I research quantitative signals — patterns in data that predict outcomes. One paper is in finance, one in biostatistics. The fields are different, but the work is the same: engineer features from raw data, build a model, and test whether the signal holds up on data the model has never seen.
SEC Form 4 filings are public. When a corporate insider buys their own stock, it's a signal — that much is well-documented. What's less studied is whether the context around the purchase changes the strength of that signal: the price trend leading up to it, the insider's role, the filing delay, how many other insiders bought around the same time.
I pulled 17,237 open-market purchase filings from 2018–2024 and engineered 40+ features capturing momentum context, filing behavior, transaction clustering, and firm liquidity. I trained an XGBoost classifier to rank purchases by conviction.
The key finding: context changes everything. Insiders who buy after a >10% pre-disclosure run-up generate a 30-day cumulative abnormal return of 6.3%. Those who buy into price weakness generate 2.3%. Same event type, very different predictive power.
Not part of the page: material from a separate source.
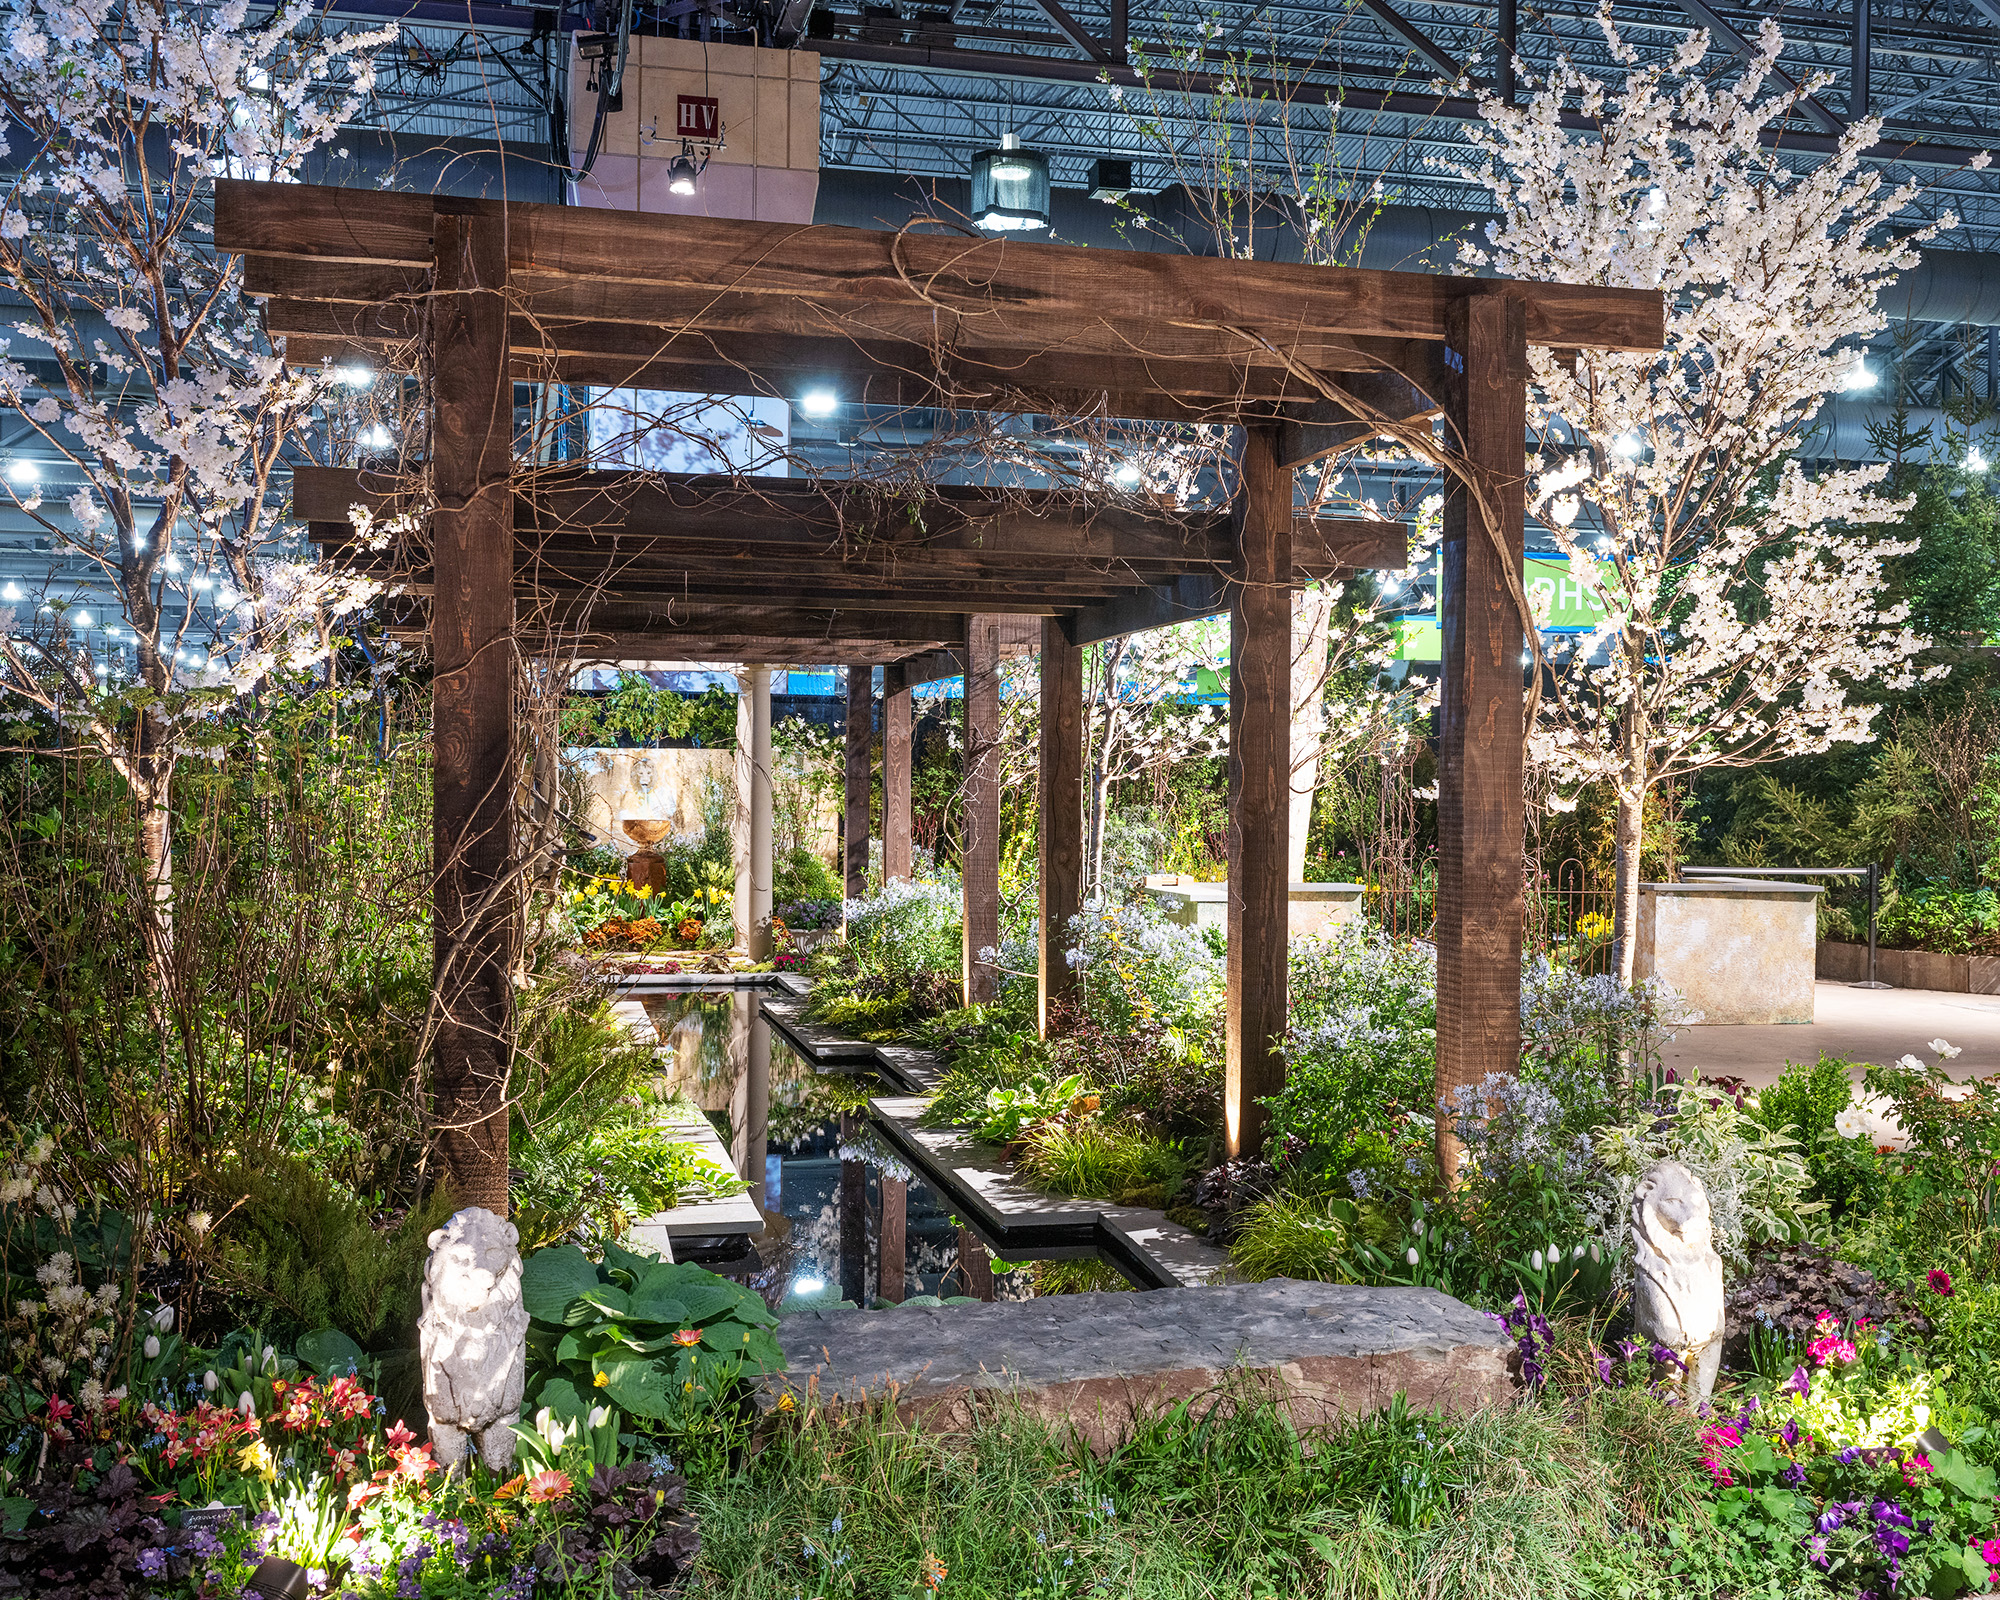 Irwin Landscaping and Prairie Wind Lost Garden pergola water feature at Philadelphia Flower Show

I used the model's output to construct a dollar-neutral long-short portfolio that achieved a Sharpe ratio above 1.5 after transaction costs.
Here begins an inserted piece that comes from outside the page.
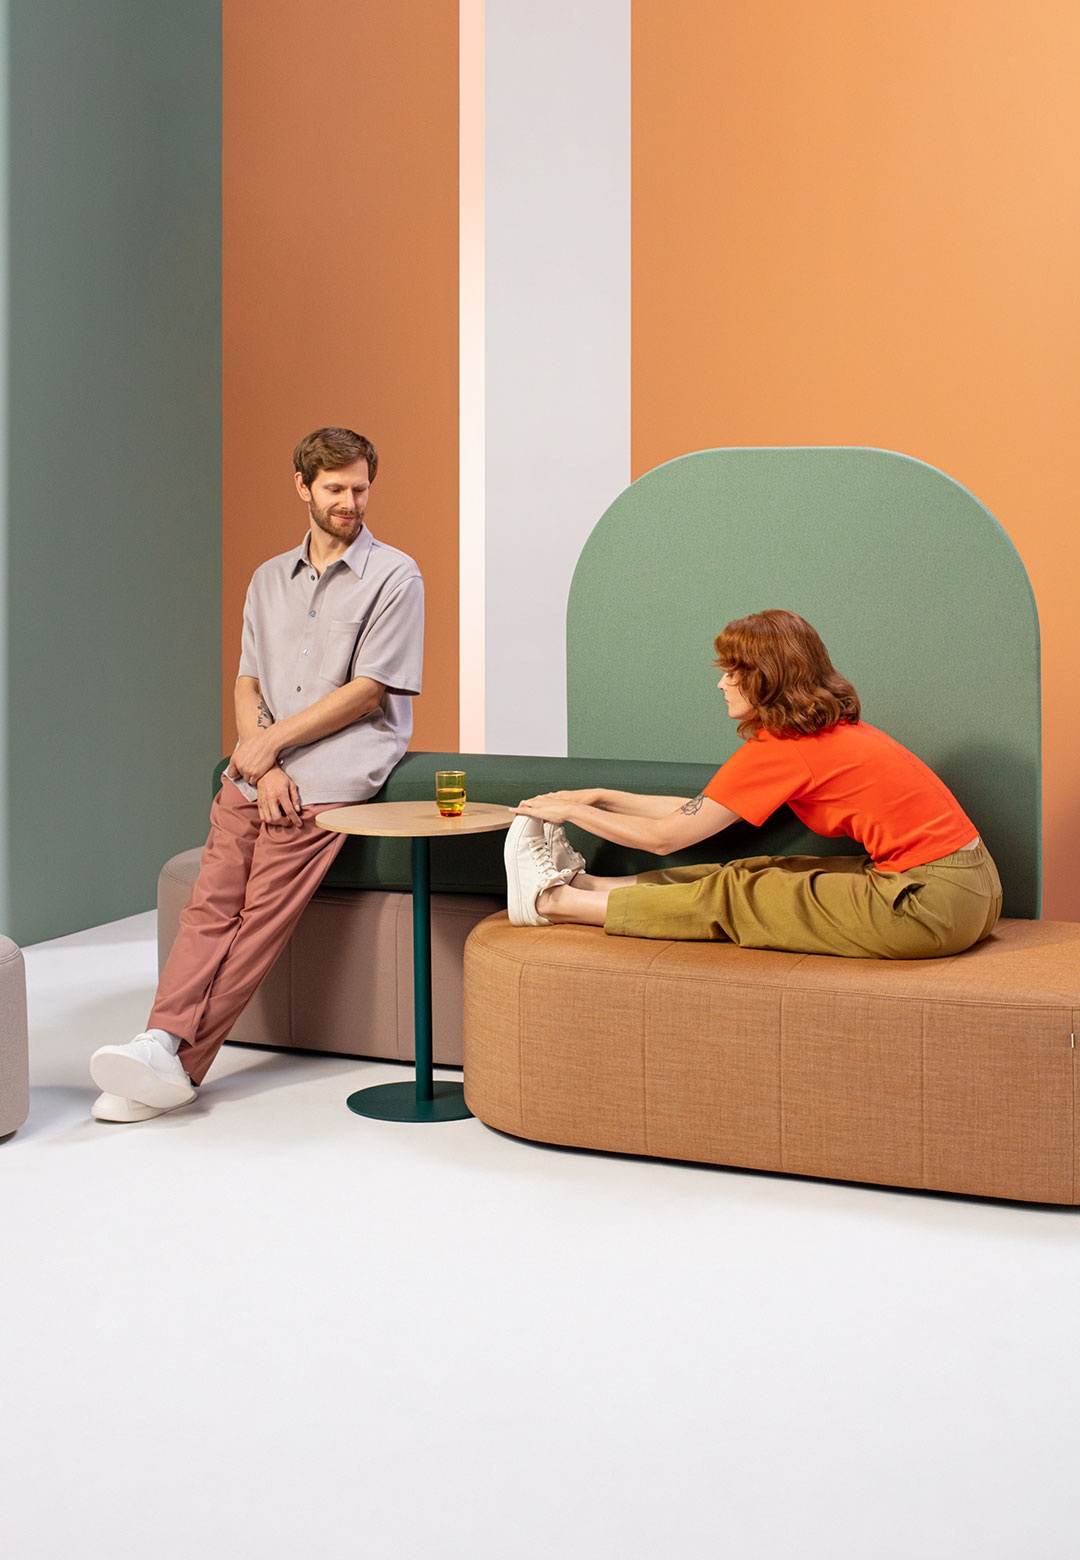 ‘Revo’ by Pearson Lloyd and Profim strives to revolutionise workspace design

This was my first research project, and it started with a practical problem: individual gene markers are unreliable across patient cohorts. A gene that performs well in one study often fails in another. I wanted to find features that were stable across populations.
I ran a random-effects meta-analysis across 6 independent gene-expression datasets. Individual gene expression levels were inconsistent, but certain ratios between genes held steady across all 6 cohorts. I built a composite ratio-based classifier on top of these stable features — it achieved an AUC of 0.92 with 85% sensitivity on independent validation, up from 0.52 using individual genes alone.
The lesson carried forward into everything I've done since: predictive power often lives in the relationships between features, not in any single feature on its own.